Original Slack Thread

How do I connect to the internal datahub analytics database (I think it’s MySQL) on a kubernetes deployment?

Hey there! :wave: Make sure your message includes the following information if relevant, so we can help more effectively!

  1. Which DataHub version are you using? (e.g. 0.12.0)
  2. Please post any relevant error logs on the thread!

There is not a database specific for analytics. If using the helm chart prerequisites the mysql database is called prerequisites-mysql with standard port 3306 and the credentials are in a k8 secret if not overridden called mysql-secrets. Connecting to the database can be done using port forwarding using kubectl commands: https://kubernetes.io/docs/tasks/access-application-cluster/port-forward-access-application-cluster/

<@U03MF8MU5P0> thanks! we will try this out as we use helm. I presume there is only one database and looks to be called datahub? Is there some documentation on the database schema and table structure so we know what each schema contains?

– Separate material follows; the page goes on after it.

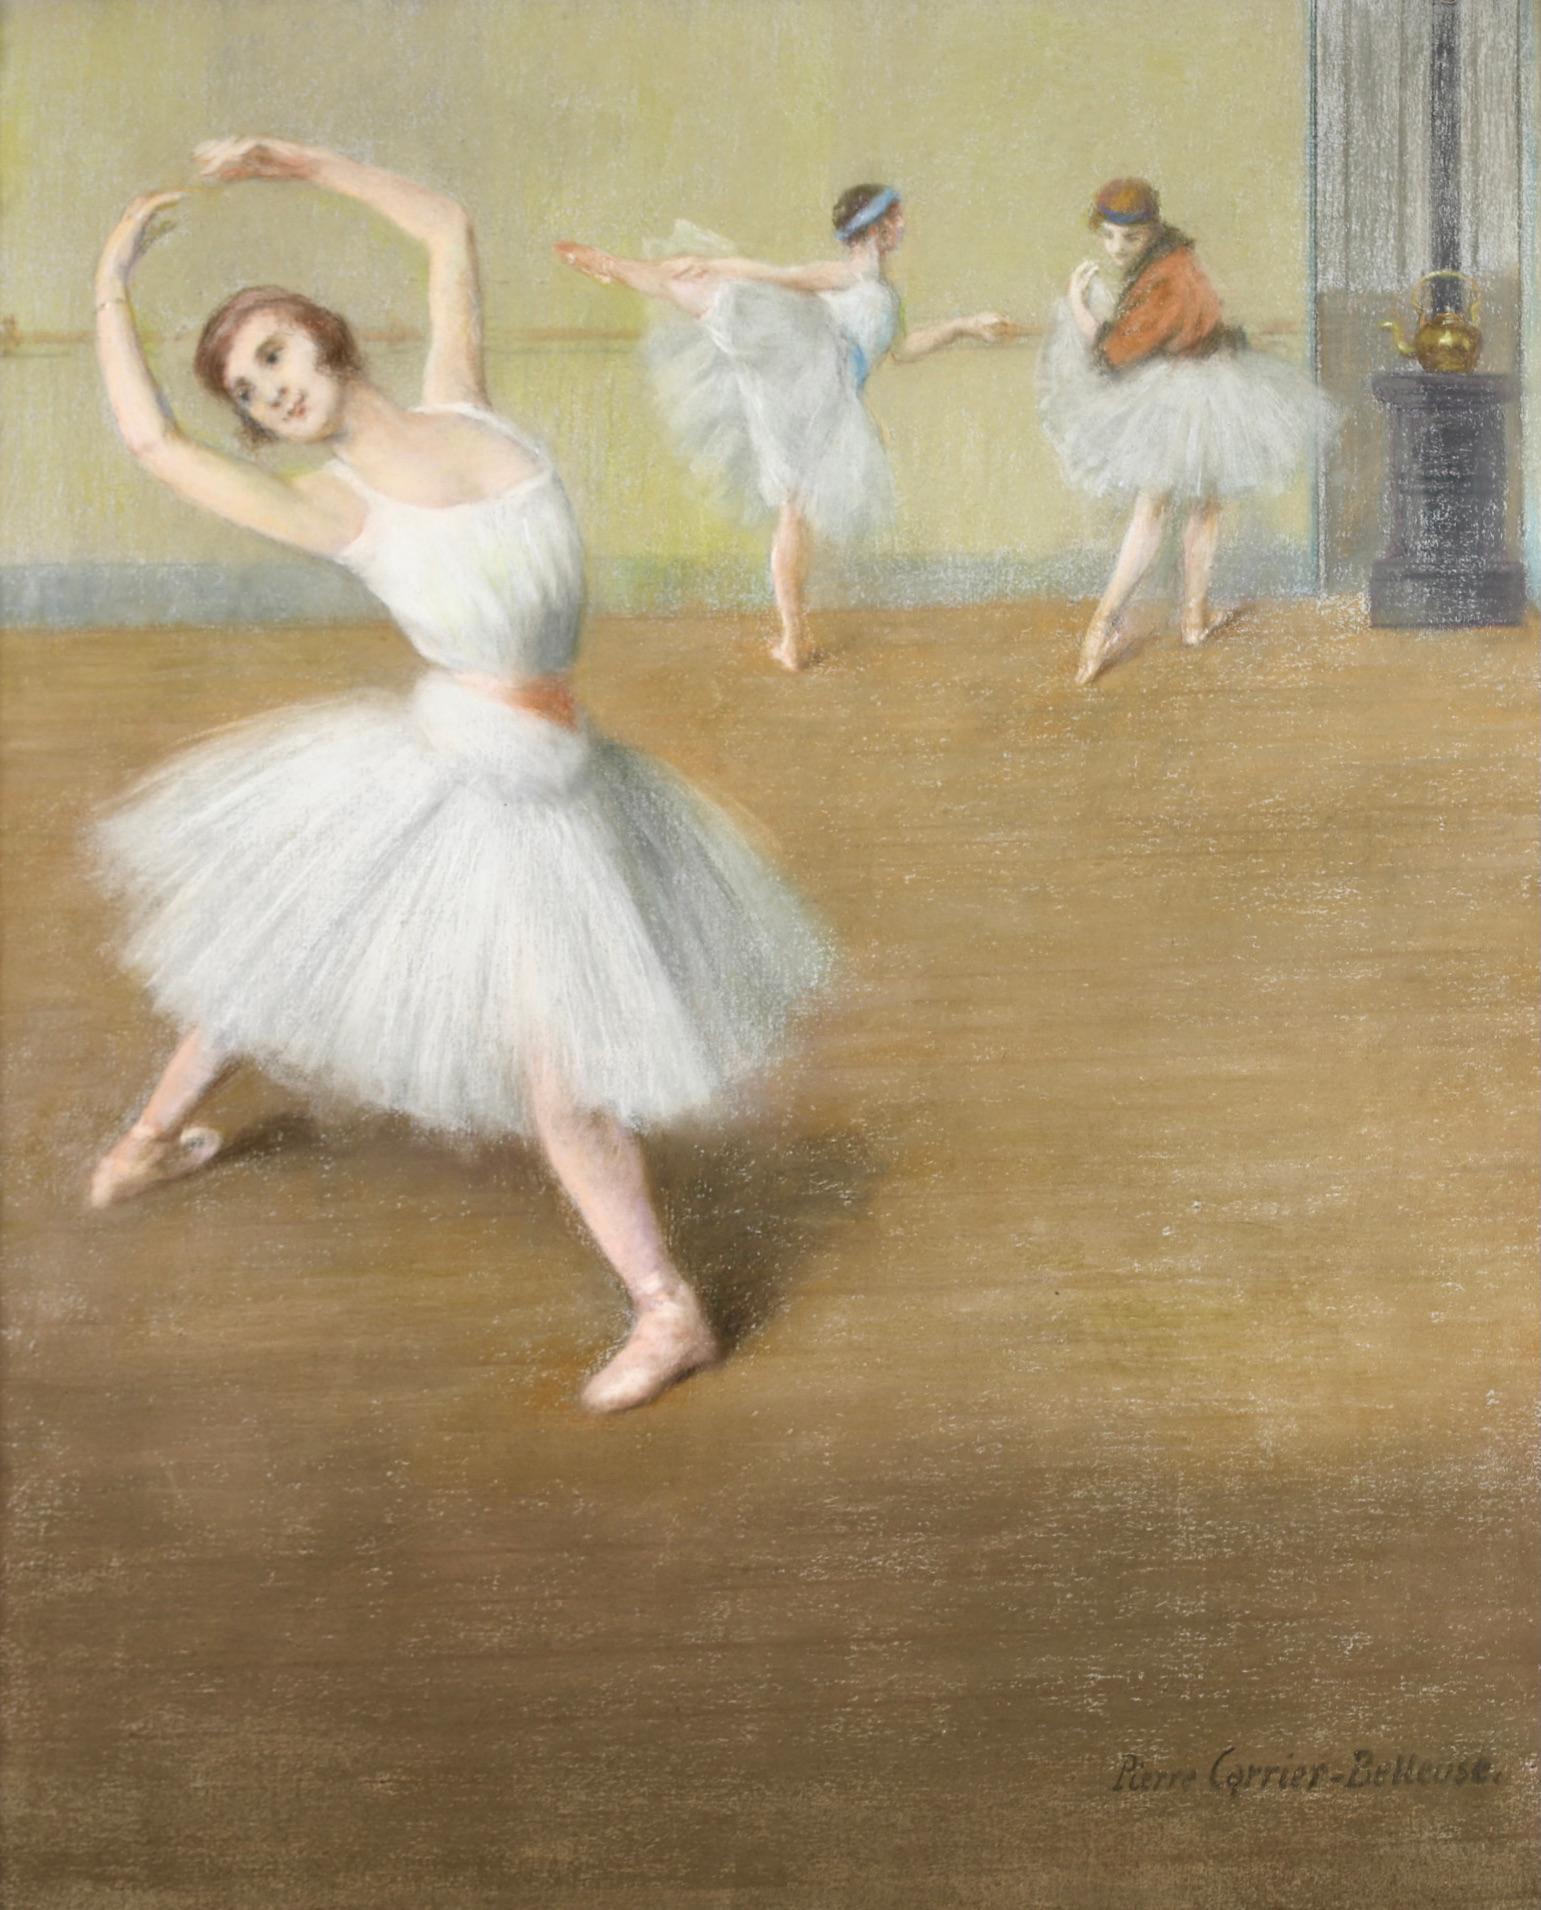 Danseuses a la barre – Impressionistisches figuratives Pastell – Pierre Carrier-Belleuse, Danseuses im Angebot 1

There is one database and a single table. The schema DDL is located in this file for mysql for example: https://github.com/datahub-project/datahub/blob/master/docker/mysql-setup/init.sql#L6

so the analytics lie somewhere within here?

I suppose I am not sure what you’re looking for exactly. If you’re referencing the data behind the analytics charts (which makes sense) then that data is only in Elasticsearch in the datahub__usage__⁣events indices. If you’re looking to generate analytics on your metadata for creating charts/dashboards or other visualizations then the data may be in mysql and/or elasticsearch.

yep was looking for the analytic charts data. How would I pull that out of Elasticsearch? The Mysql stuff was useful for us too so thanks for that.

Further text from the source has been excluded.